**** DATA EXCERPTS

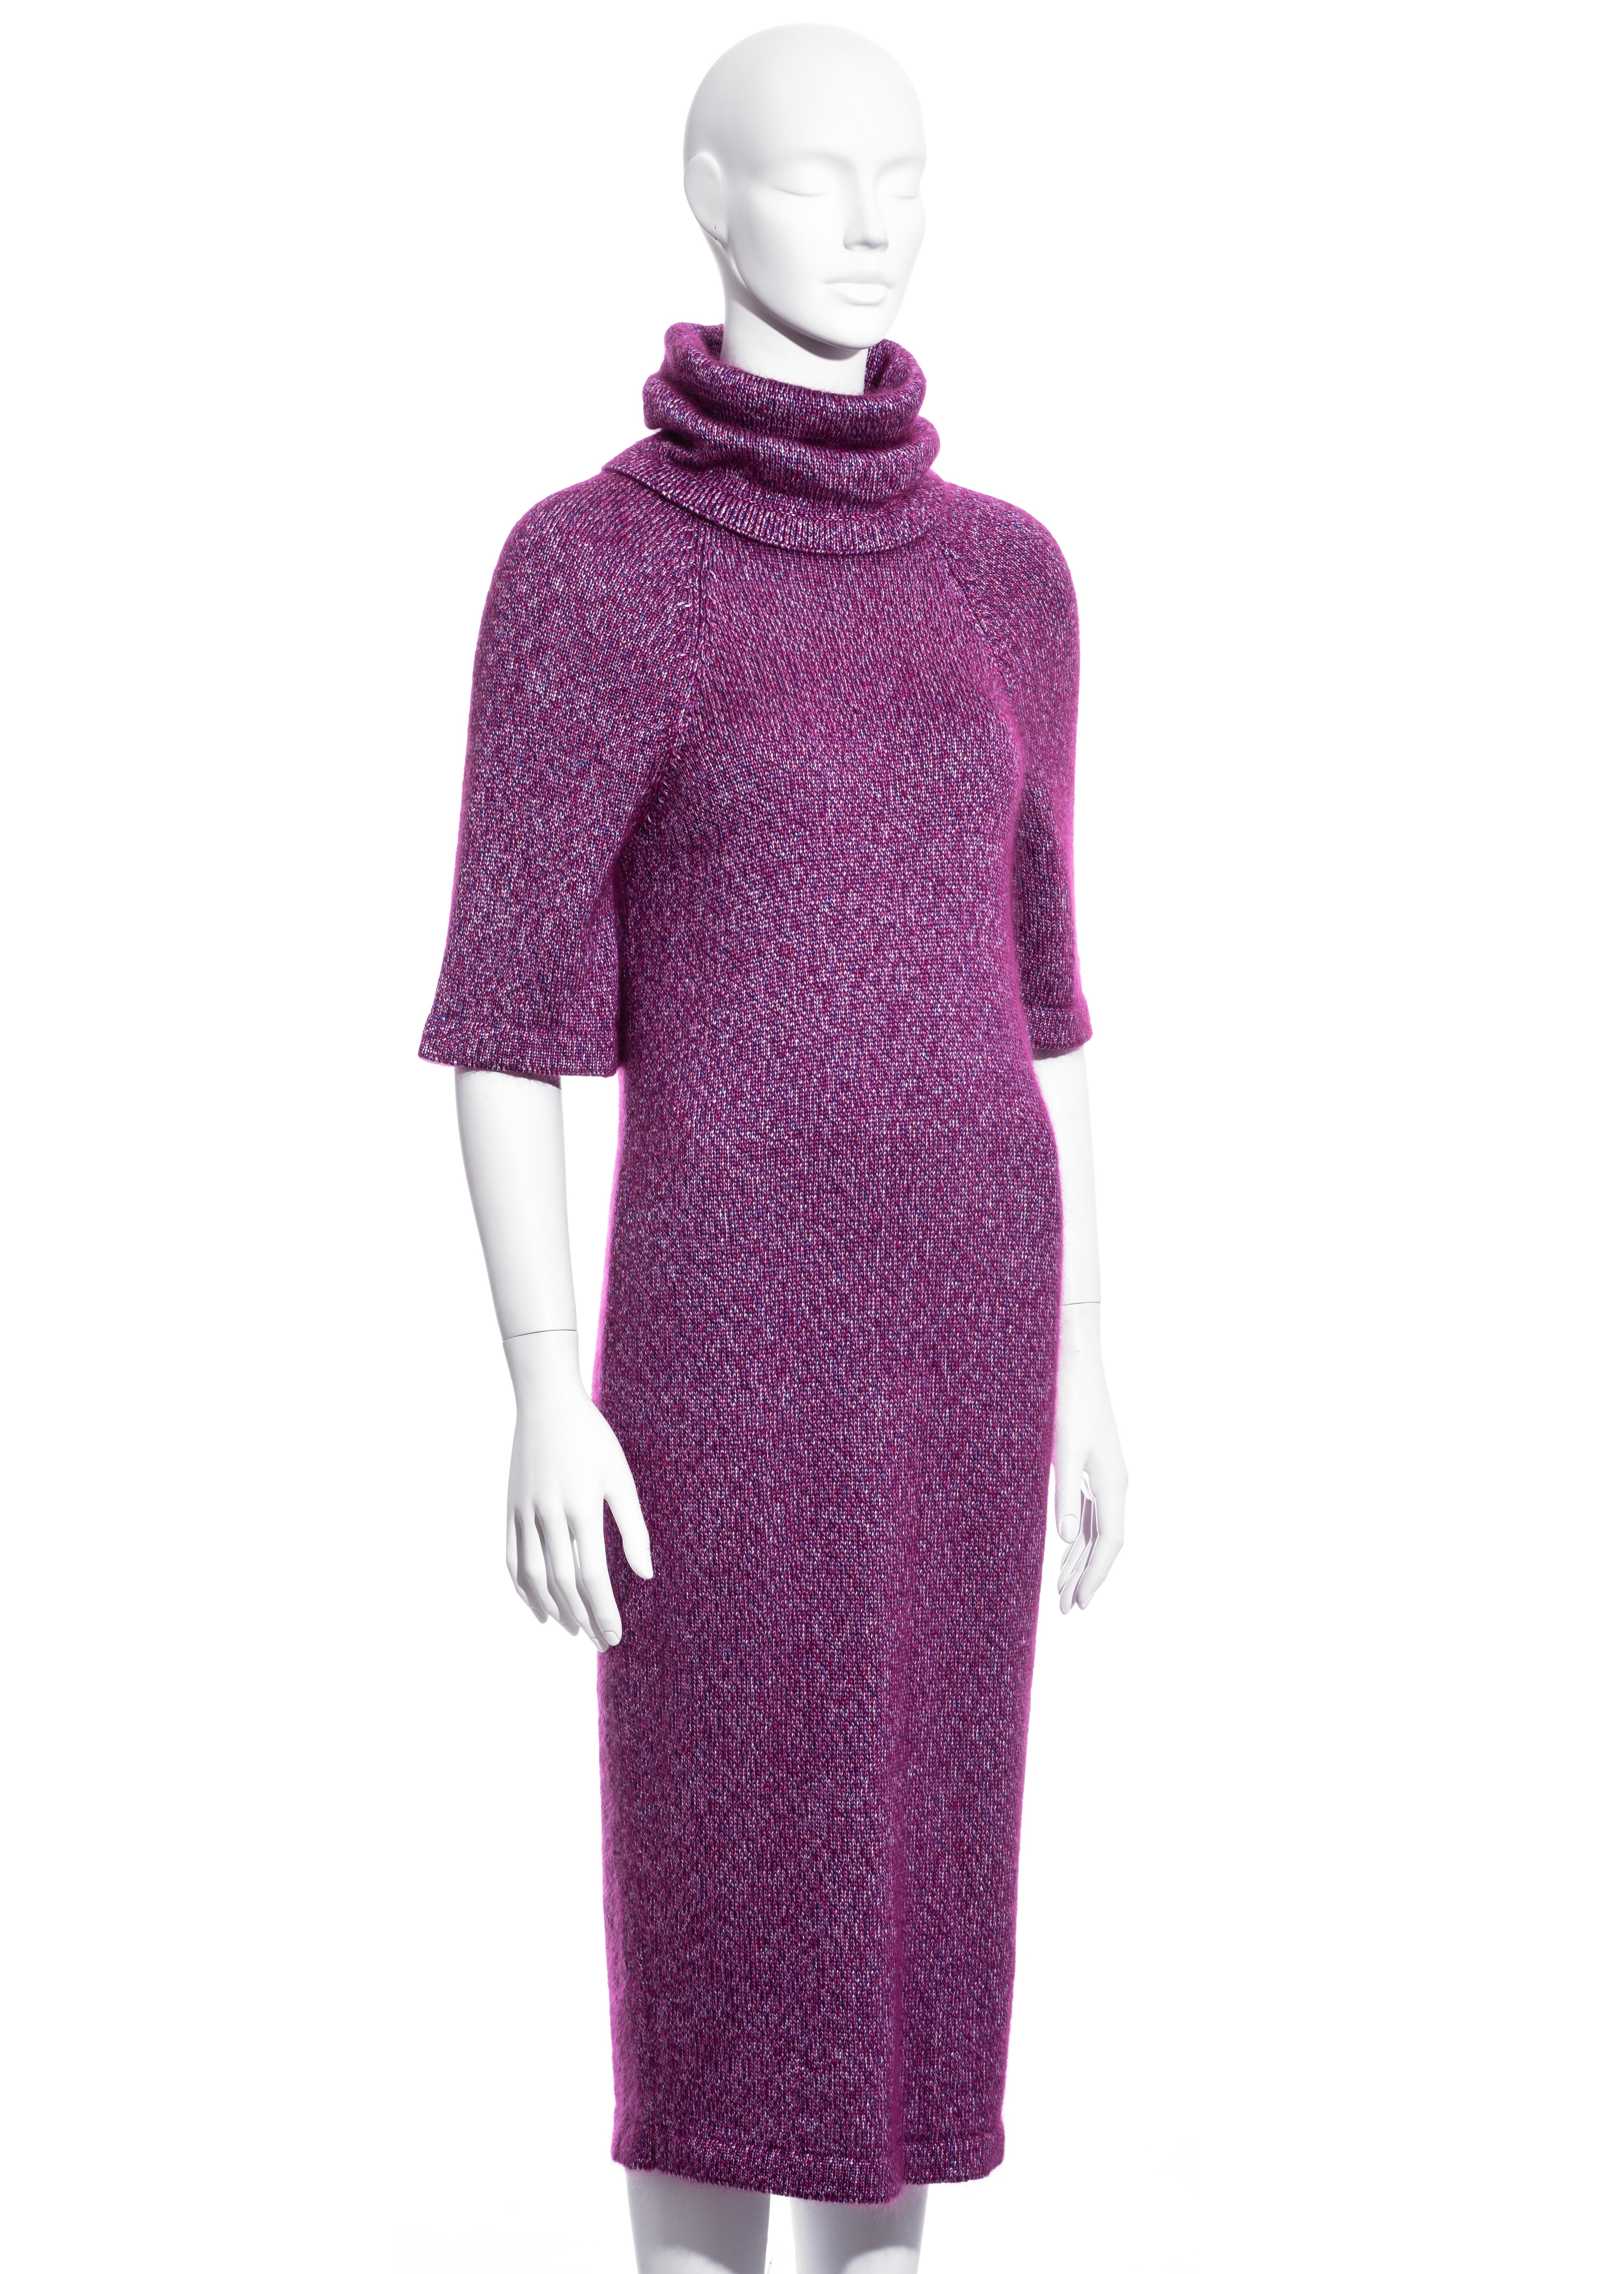 ▪ Chanel robe pull en maille fuchsia
▪ Design/One par Karl Lagerfeld 
79% soie, 21% mohair 
▪ Col roulé extra long 
▪ FR 36 - UK 8 - US 4
▪ Automne-Hiver 2015

********

WHAT YOU SHOULD DO:
Your answer must be the line with "79% soie, 21% mohair" and all lines after it through the final line of the entries, copied exactly and with nothing added.

ANSWER BELOW:
79% soie, 21% mohair 
▪ Col roulé extra long 
▪ FR 36 - UK 8 - US 4
▪ Automne-Hiver 2015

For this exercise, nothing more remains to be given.